Alberto era más bien de mediana estatura, era un joven de físico común, muy locuaz y simpático, presumía de intelectual. Cuando bajaba a Honda trabajaba en la emisora local, tenía un programa de comentarios y de música, esto lo hacía muy popular en el pueblo. Su novia era enfermera, muy bonita, estaban juntos desde el colegio. Algunas veces cuando se hacía muy tarde o nos pasábamos de tragos me quedaba a dormir en la casa de alguno de los dos. Muy lejana de la comodidad de mis tías, me sentía muy a gusto con la familiaridad que se respiraba.
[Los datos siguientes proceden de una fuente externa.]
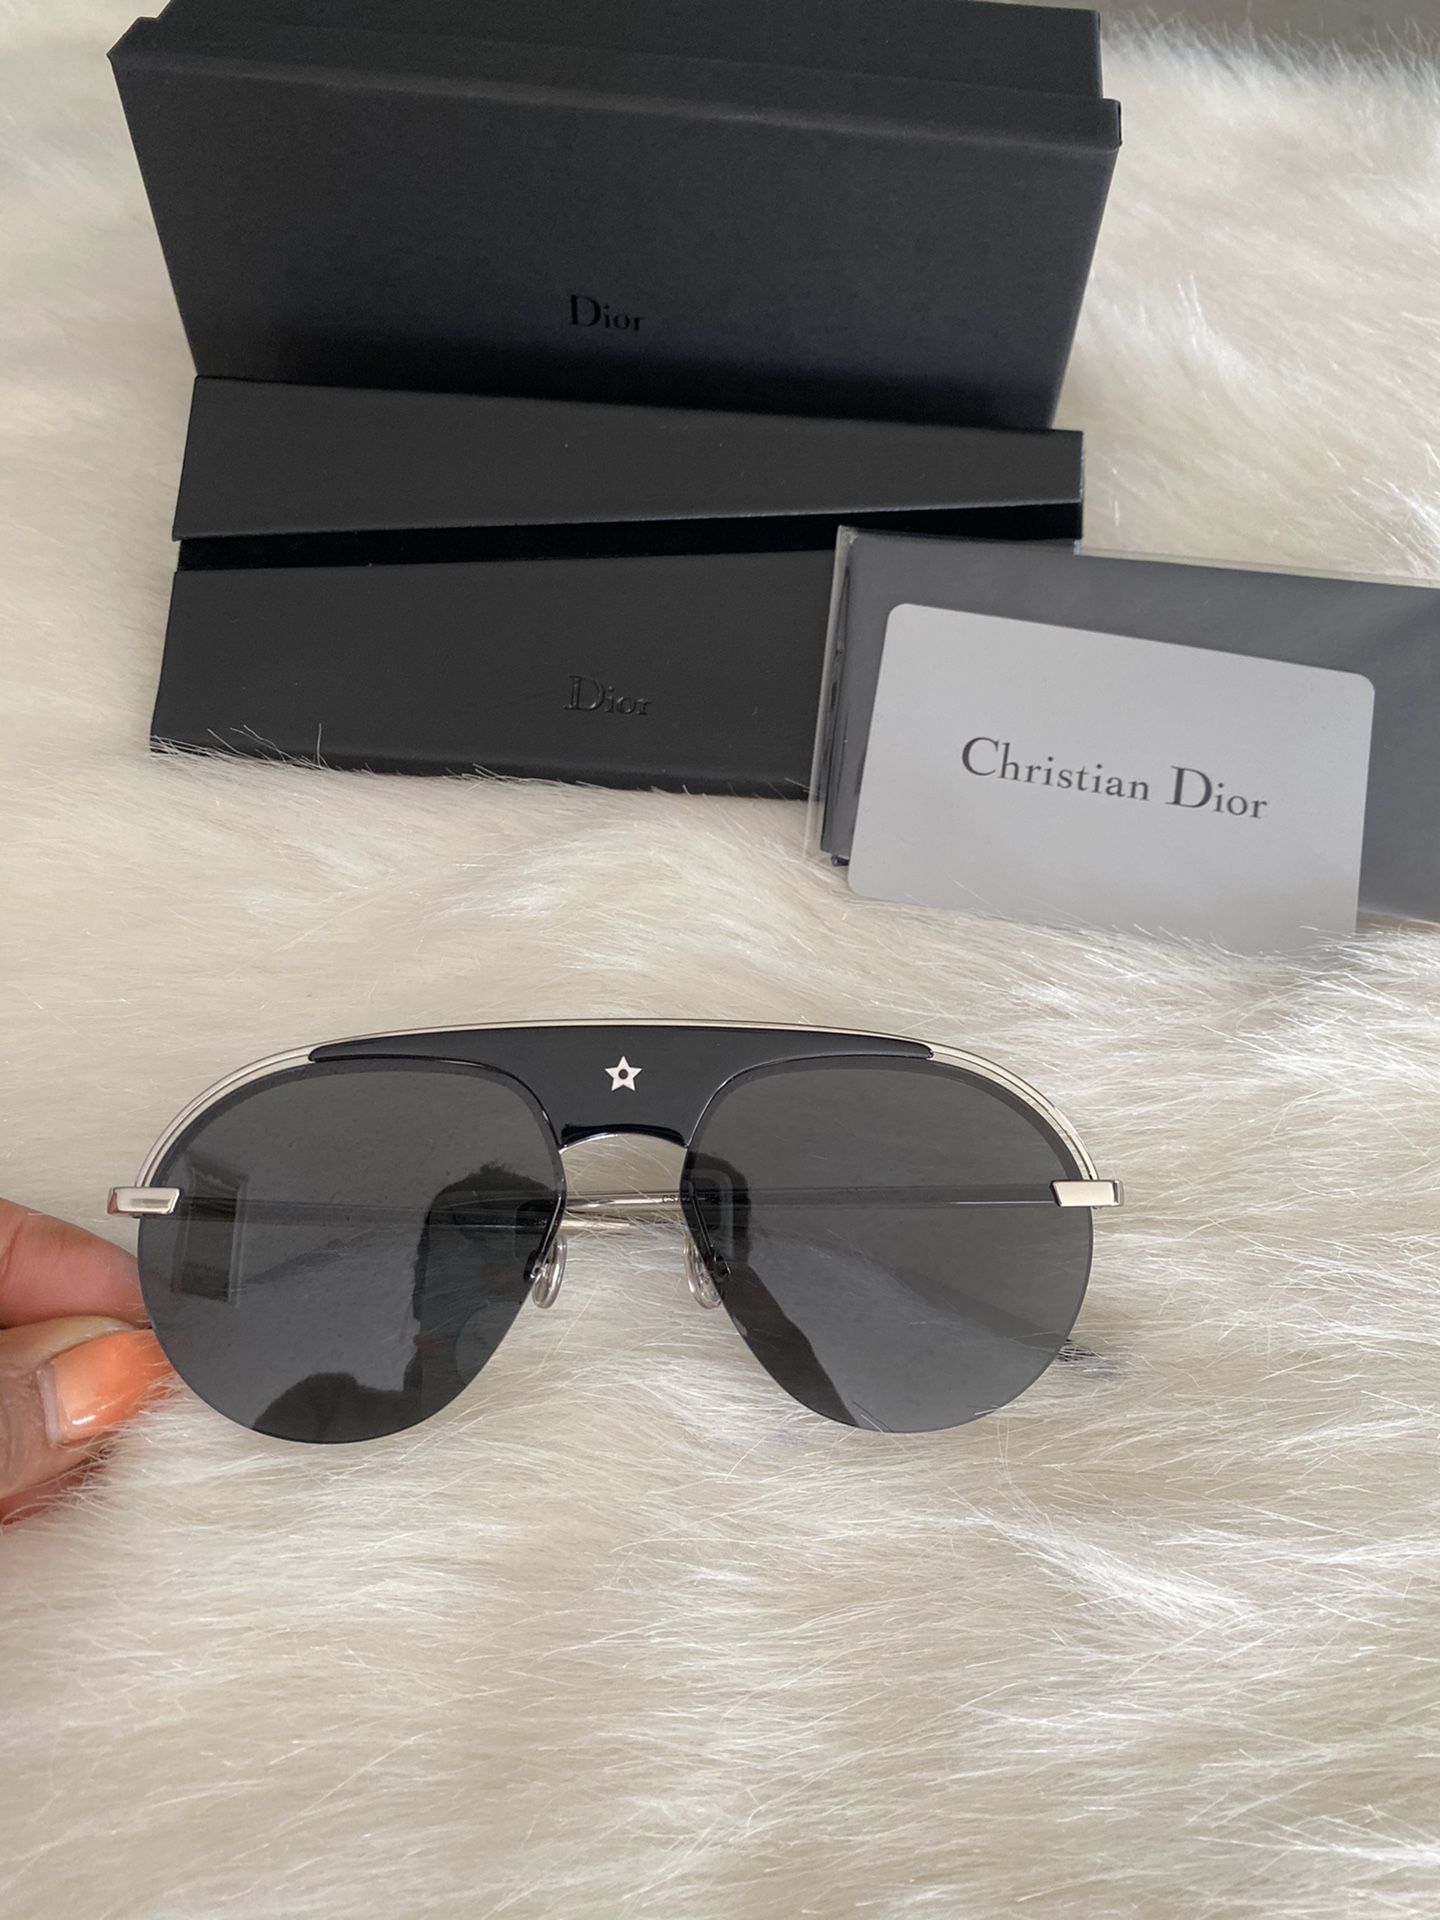 Dior evolution sunglasses

Luego, en la universidad no paraban los chistes y las anécdotas de viaje con los otros compañeros.
***
—Mijo, tiene una llamada de Aldemar, parece urgente. —La cara de mi tía mostraba su angustia.
—Hermano, me tienen detenido aquí en un calabozo militar, ayúdeme por favor.
En efecto, en una redada conjunta del ejército y la policía habían realizado un allanamiento a las residencias universitarias. Decían que inteligencia militar tenía evidencias de que allí se escondían militantes urbanos de la guerrilla y habían atrapado a más de cien jóvenes que consideraban sospechosos. Conocía muy bien a Aldemar y sabía que no tenía ningún nexo con esto. Pero sus pelos largos y su barba poblada confundieron a los tombos, para ellos todos eran sospechosos.
Era un sábado por la tarde, las dependencias oficiales estaban cerradas, no se podía hacer trámites legales para sacarlo. No obstante, decidí ir hasta el sitio de detención, a ver qué se podía hacer.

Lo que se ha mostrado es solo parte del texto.